Matt Campbell, of Iowa State, a coach who thinks deeply and who took over a program that was struggling, said he found his starting point in trust, something you can work into your life, be it with the family and the kids or with your coworkers.
"We said at the beginning that we were going to build our program on trust," Campbell revealed. "I know that's a very simple word. I think it's really hard to have and build. Trust in college football has to roll from player to player, player to coach, coach to coach and coach back to player.
"I think the loyalty and consistency of our players and our coaches to stay the course on that value system has really given us the ability to work through hard times and work through success equally with the same mentality and the same focus of trying to just become the best version of ourselves that we can be."
Everyone in life or sports faces adversity.
Mike Gundy, who is now the longest tenured coach in the Big 12 at Oklahoma State, has had consistent success but he had had to fight through the losses.
"Like any game, when the clock expires and the other team has more points than us, it's always difficult," he said. "The stage gets bigger, you play in New Year's Day bowls, play in championship games. Any time you're in that situation, you have one team that has the thrill of victory and the other team has disappointment.
"It never goes away. Still to this day at times when I wake up in the middle of the night, games such as a championship game will come across my mind, more so than even games where we had a lot of success for whatever reason."
We would wager it is same for all of you, the disappointments stay with you longer than the successes and it's a good thing, for it drives you to get better rather than to be content.
Luckily for Gundy, he doesn't face a lot of adversity. It is in part because of the approach he has created at the school where he once was quarterback.
"We don't really get out of our box much at Oklahoma State," he said. "We have a culture and a philosophy and a system we believe in. We believe in being tough. We believe in being mentally and physically tough across the board. We try to put our players in situations that game days are not unlike what they've been through in practice."
A college football player's life has changed much over the past couple of years, just as has all of ours with the pandemic and the economy and politics. There are all kinds of distractions.
Mountaineer coach Neal Brown believes that one of his players' biggest challenges is keeping their eye on what's important.
"A lot of our preparation for our players is about time management because we feel like the thing that everybody has the same is the same amount of time, and how you manage that is a real differential in the success of each individual," he said.
One question lingers over all you do, in life or in sports.
How do you evaluate success? It has to be different for Brent Venable, at perennial champion Oklahoma, and Lance Leipold, at perennial last place finisher Kansas.

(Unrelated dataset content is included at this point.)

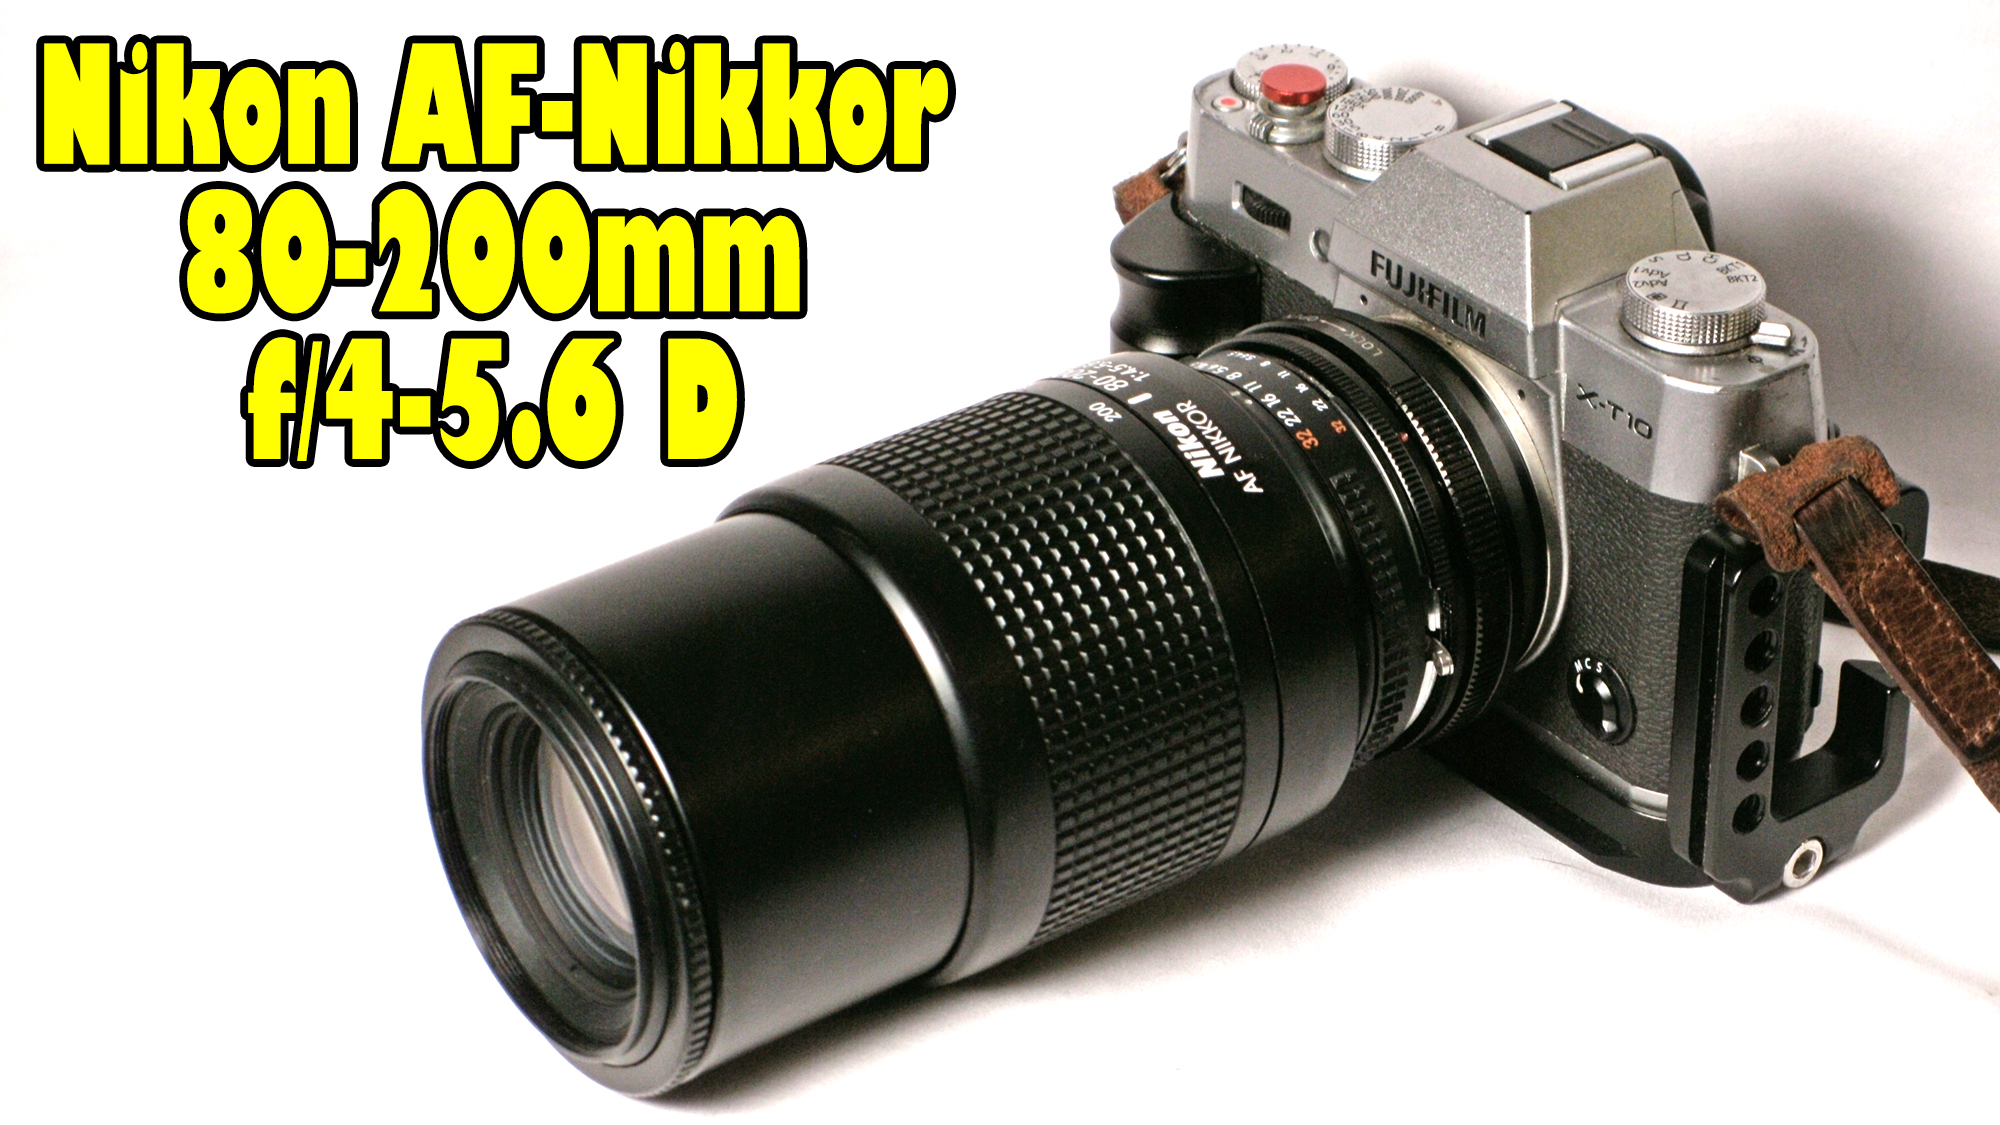 Nikon AF-Nikkor 80-200mm f/4.5-5.6D (1995-1999)

"It's an excellent question," Leipold said. "You know, I think what we're really saying is sometimes how are you going to measure progress when it's not showing up in the win and loss column all the time.
"We understand and we emphasize, as well, we're not in the moral victory business, and we understand that completely. But we're always looking at, whether it be individual improvement in certain things, how we've gone about our daily business and really how we've connected dots with our players about becoming better holistically, whether it be weight room or academically and better leadership, better teammates, that these things are going to stack upon themselves and help us on game day."